Antonio Licata (3 January 1810 - 27 June 1892) was an Italian painter, mainly of sacred subjects and portraits.

==Biography==
Licata was born in Agrigento, Sicily. At the age of 16 years, he moved to Naples, where he planned to enrol in the military; however, he chose to become a painter. His portrait of his parents convinced them to sponsor his education at the Neapolitan Academy of Fine Arts. He subsequently obtained a stipend to study at the Accademia di San Luca in Rome.

During a trip to Venice, he met the painter Orsola Faccioli, who became his wife, and moved with him south to live in and around Naples.

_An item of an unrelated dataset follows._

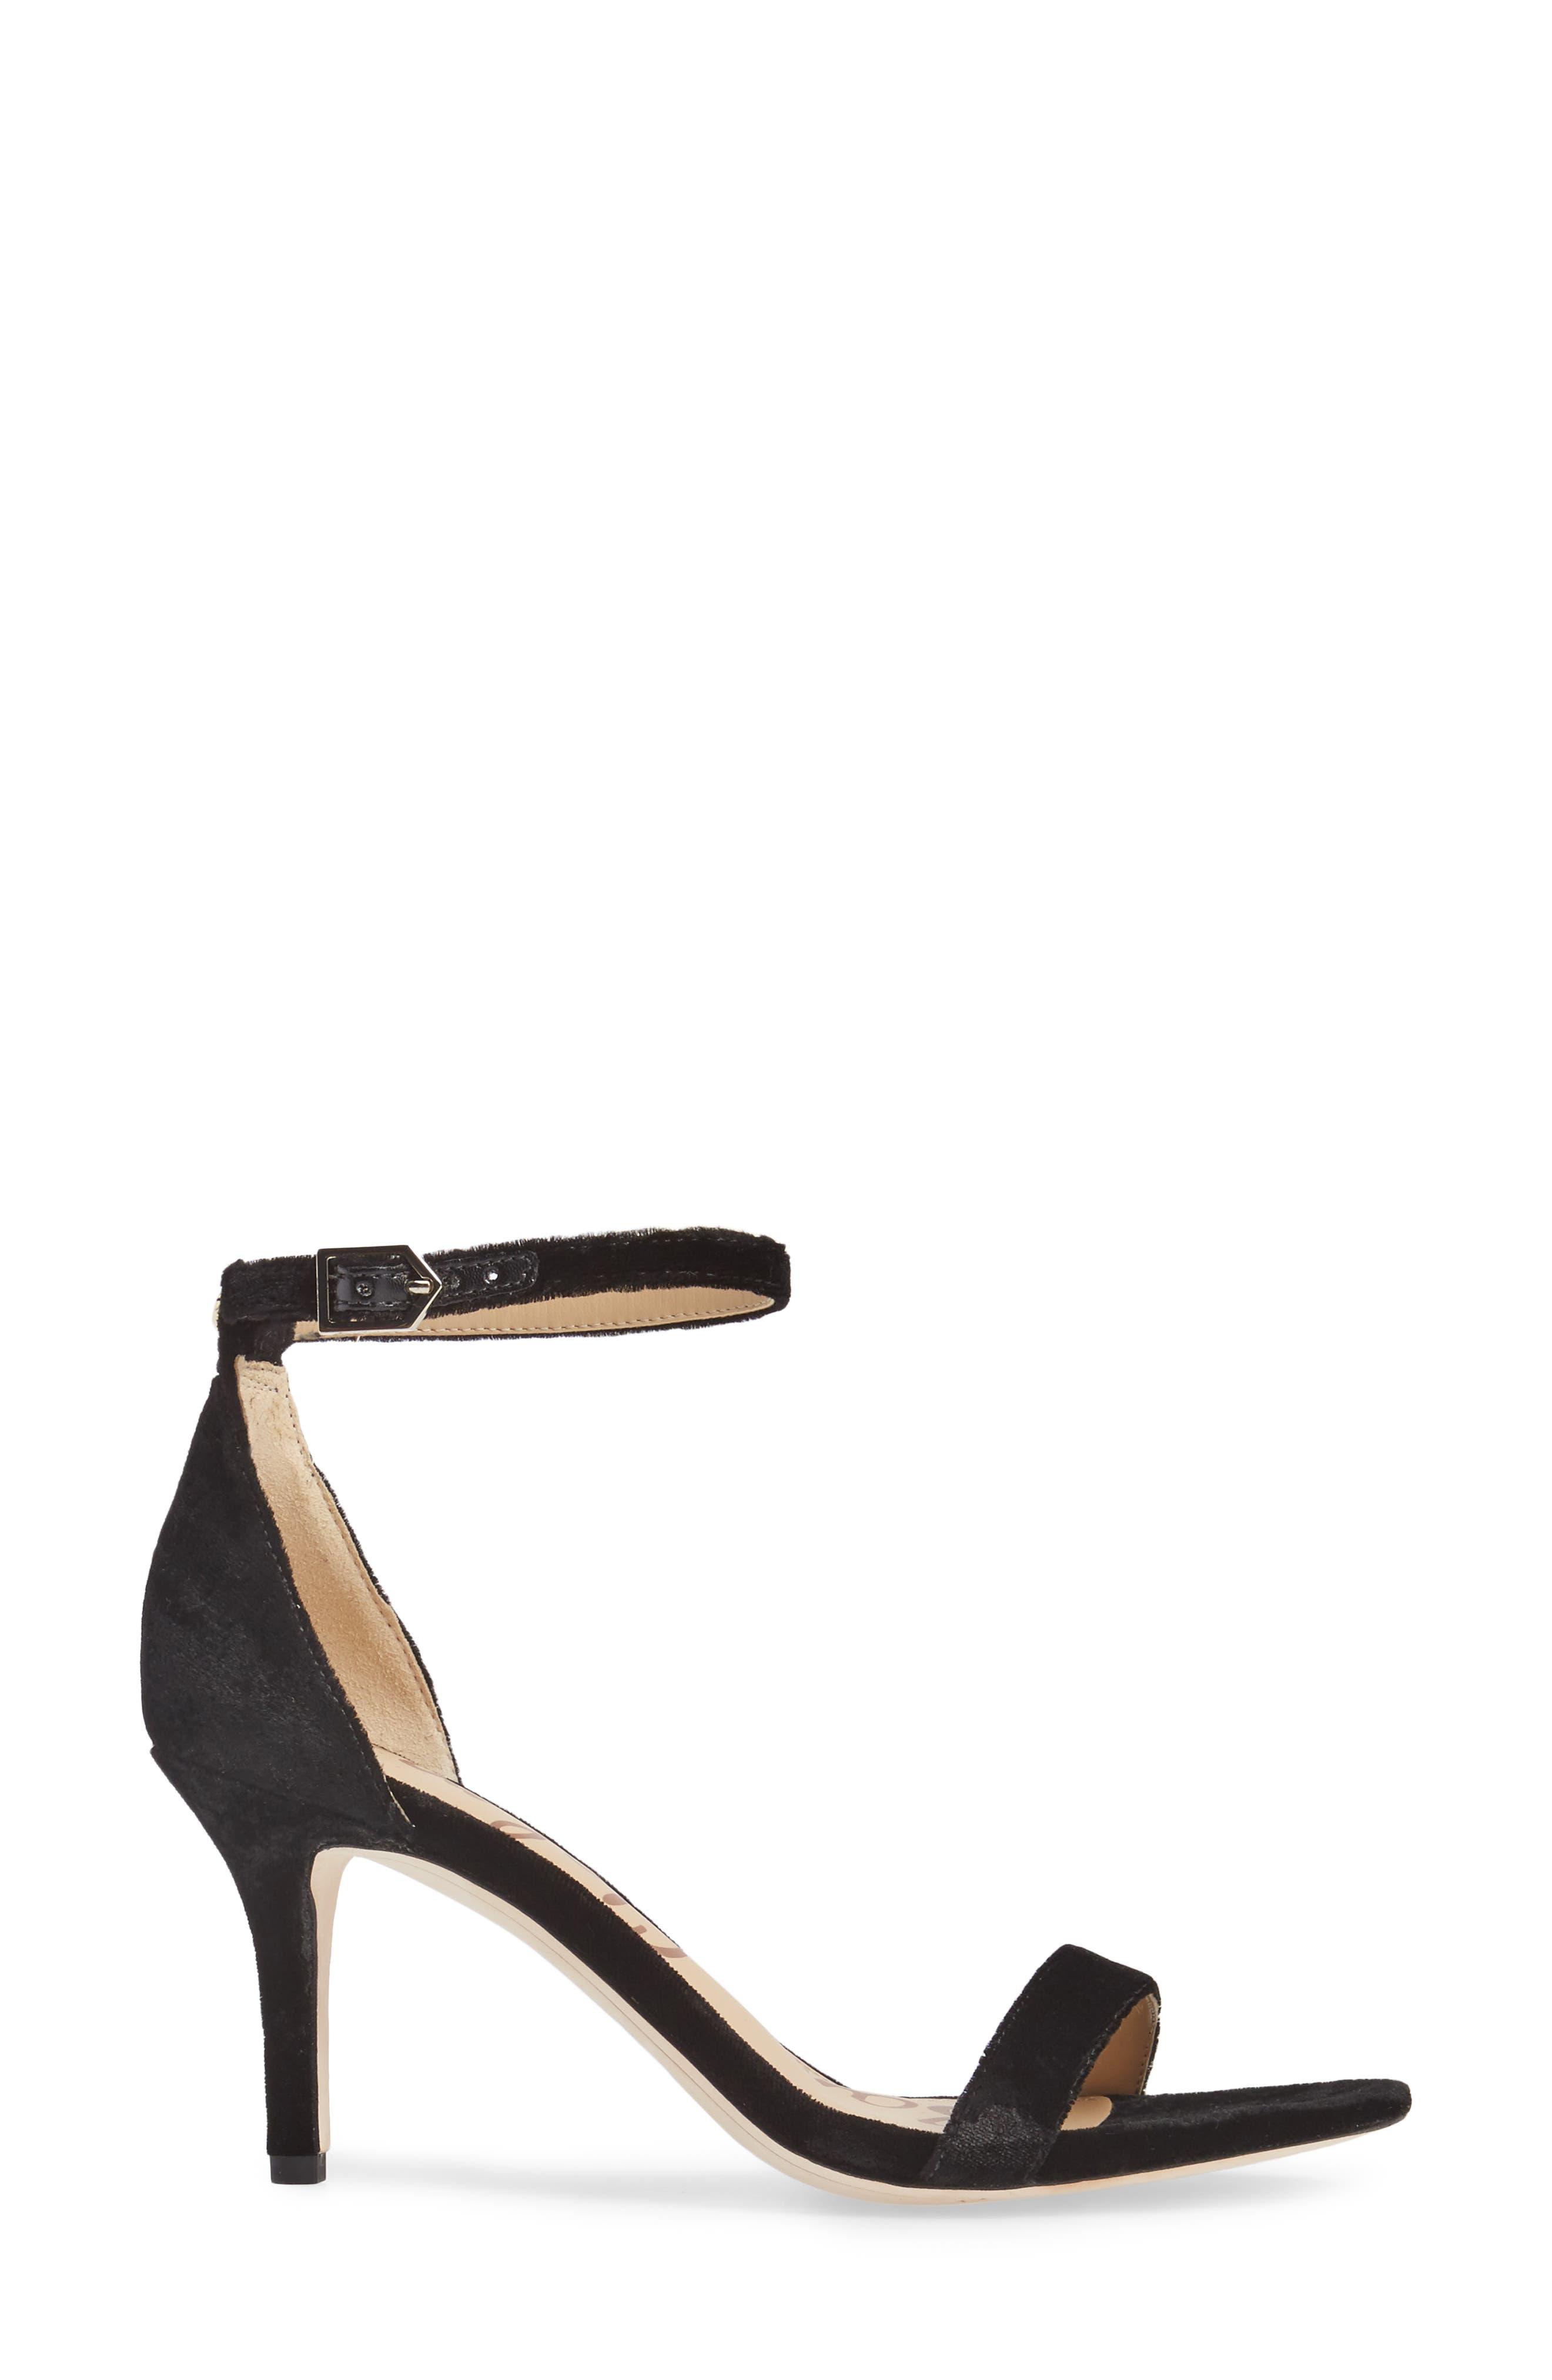 ,                             'Patti' Ankle Strap Sandal,                             Alternate thumbnail 9, color,                             006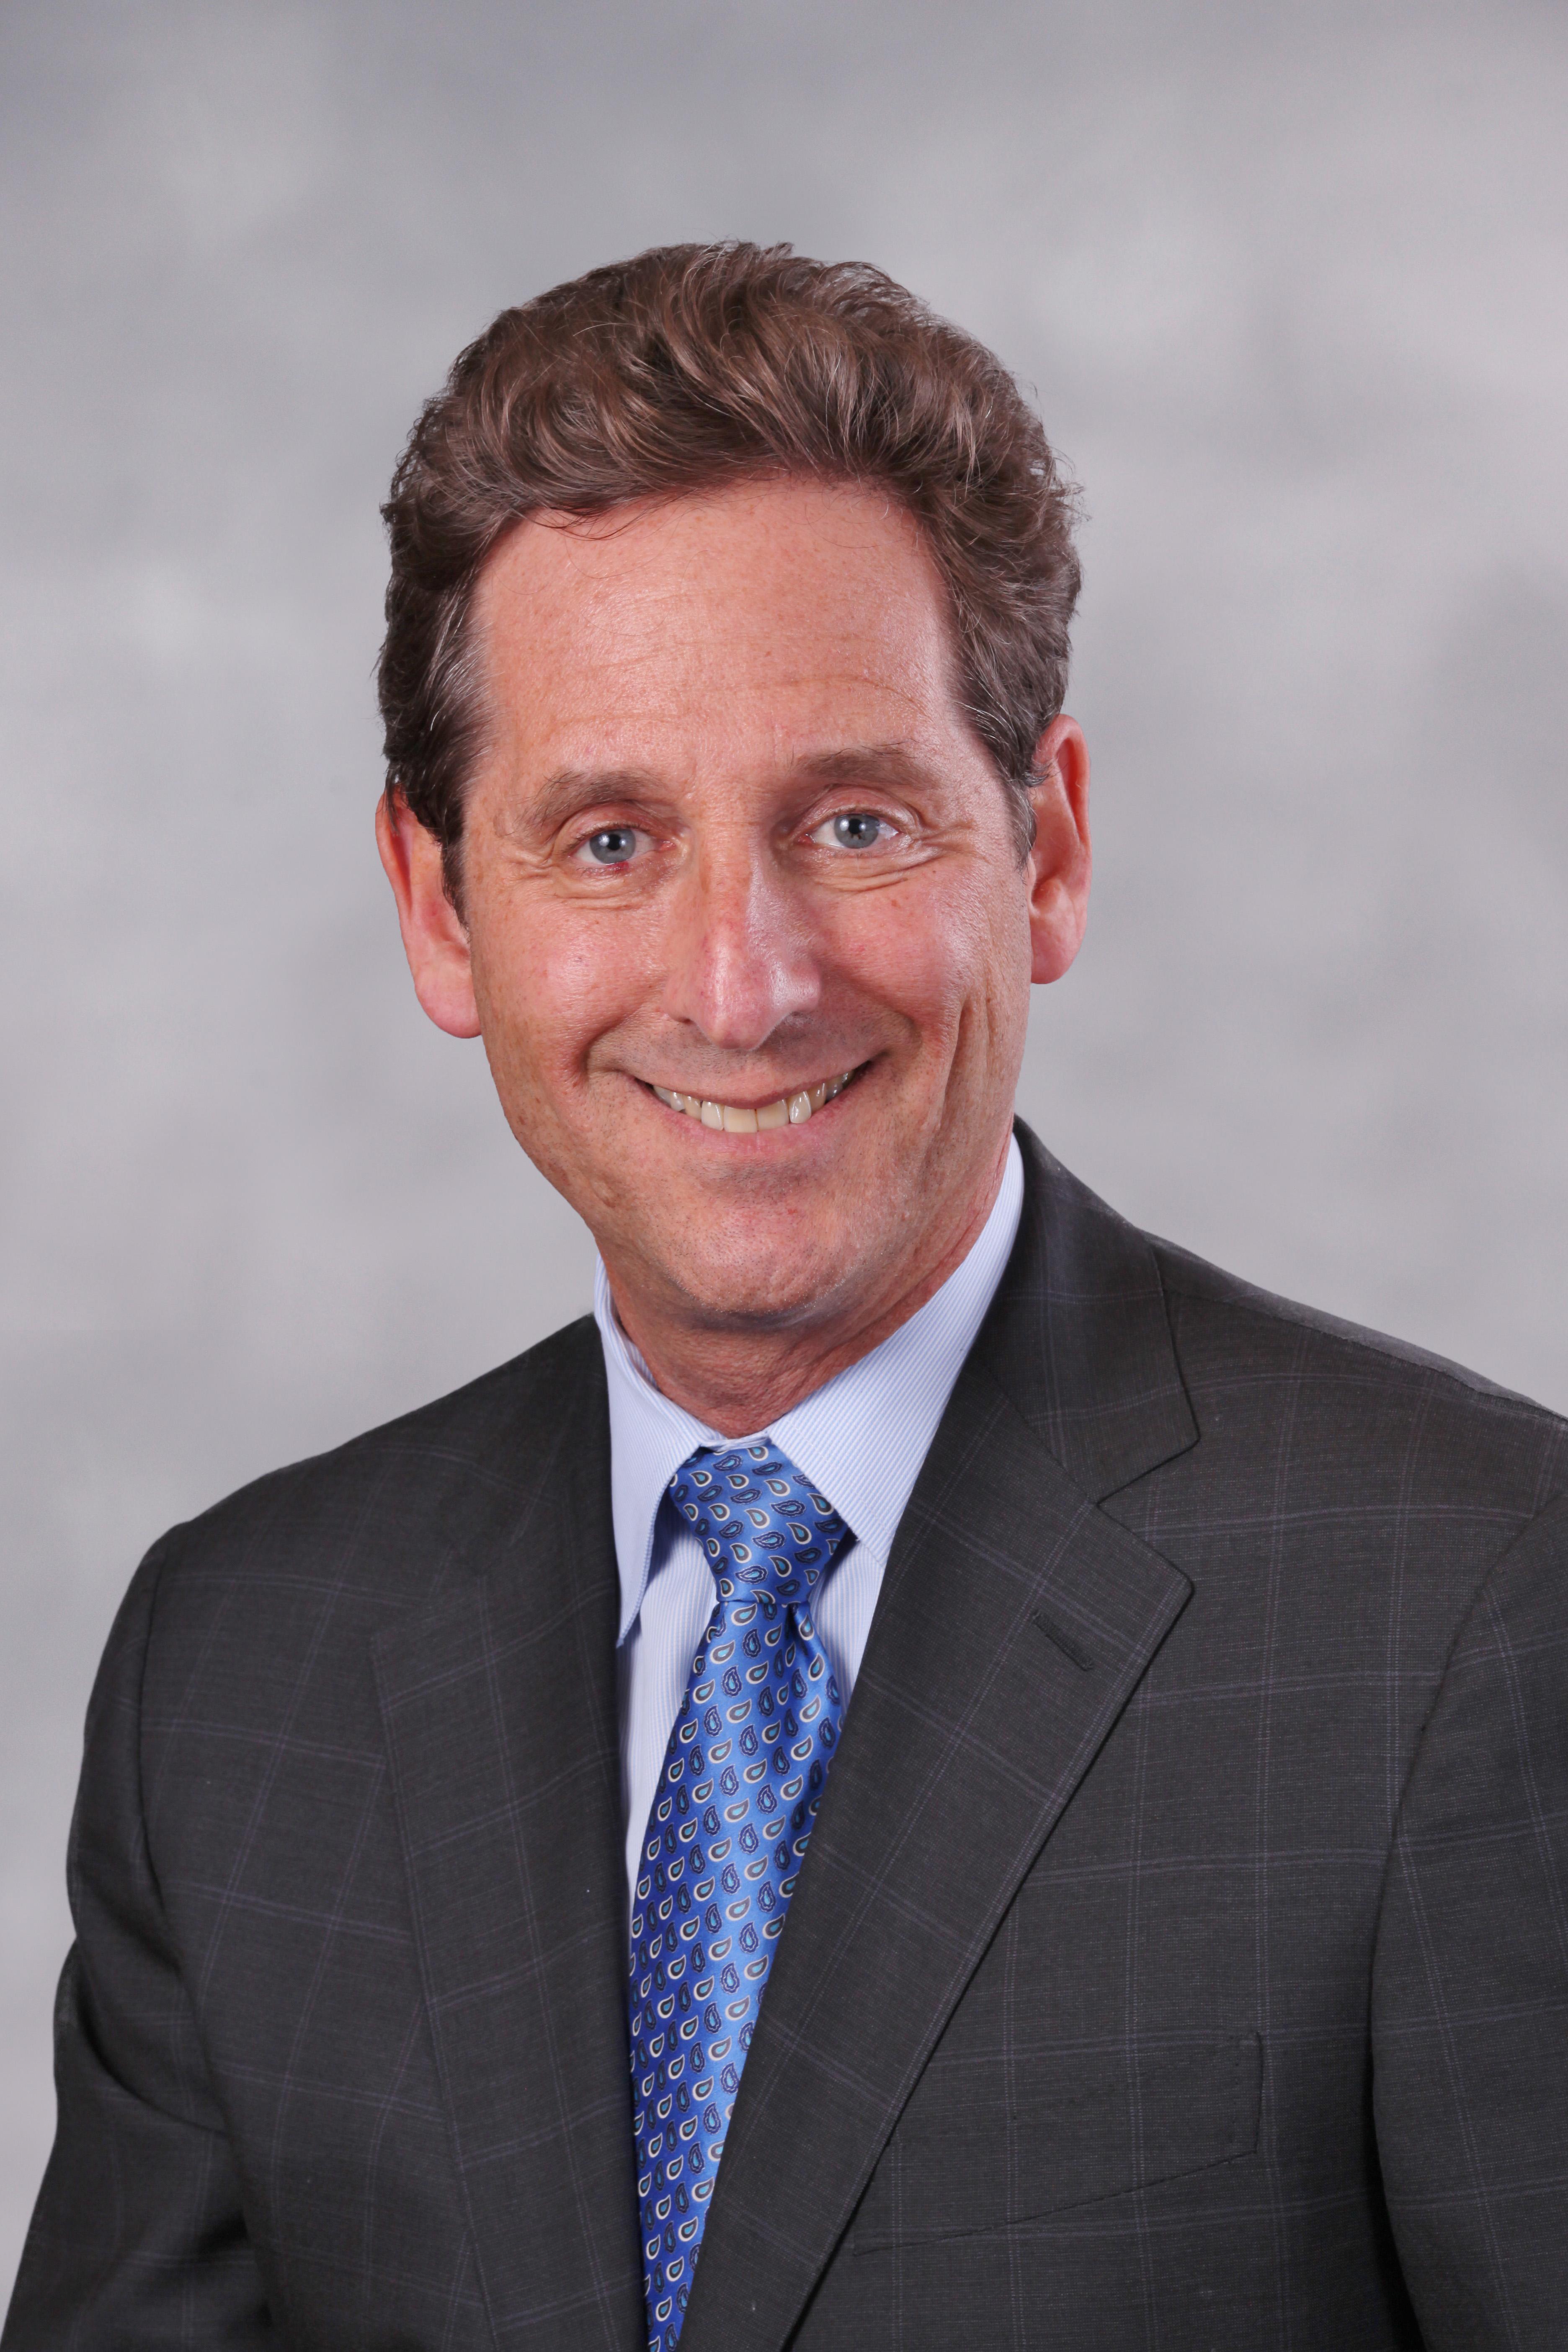 Howard Kivell, MD, FACS - Urologist

The Pinacoteca di Capodimonte held two of his works: San Paolo che accusa il Mago Elima, awarded a gold medal; and Galileo, commissioned by King Vittorio Emanuele. At the Reggia of Naples, his painting of the Angel of Peace was displayed; it had previously been exhibited at Rome. In the church of the Minori conventuali in Catania, he displayed a large Immaculate Conception. In the Palace of Caserta was found a Jesus blessing the children. In the church of the Ascension at Naples, Licata painted the four evangelists; in the chapel of the Immacolata are three half-size figures in oil of Saints Joseph, Francis of Paola, and Mark. For the church of Santo Stefano of Piacenza, he painted a Santa Barbara with Angels; for the University of Catania, A wounded Gladiator that won the gold medal at Naples; and at Palo in the province of Bari, Flight to Egypt, which won a gold medal. In the Chapel of the Duchess of Berry e Gratz : a life-size Santa Rosalia and an Addolorata, a canvas of The beheading of St John the Baptist and some portraits.

In 1869, Licata was named professor of the Institute of Fine Arts of Naples, and instructor of figure at the Royal Educatorio, honorary associate of the Academy of Perugia, Naples, Urbino, and others.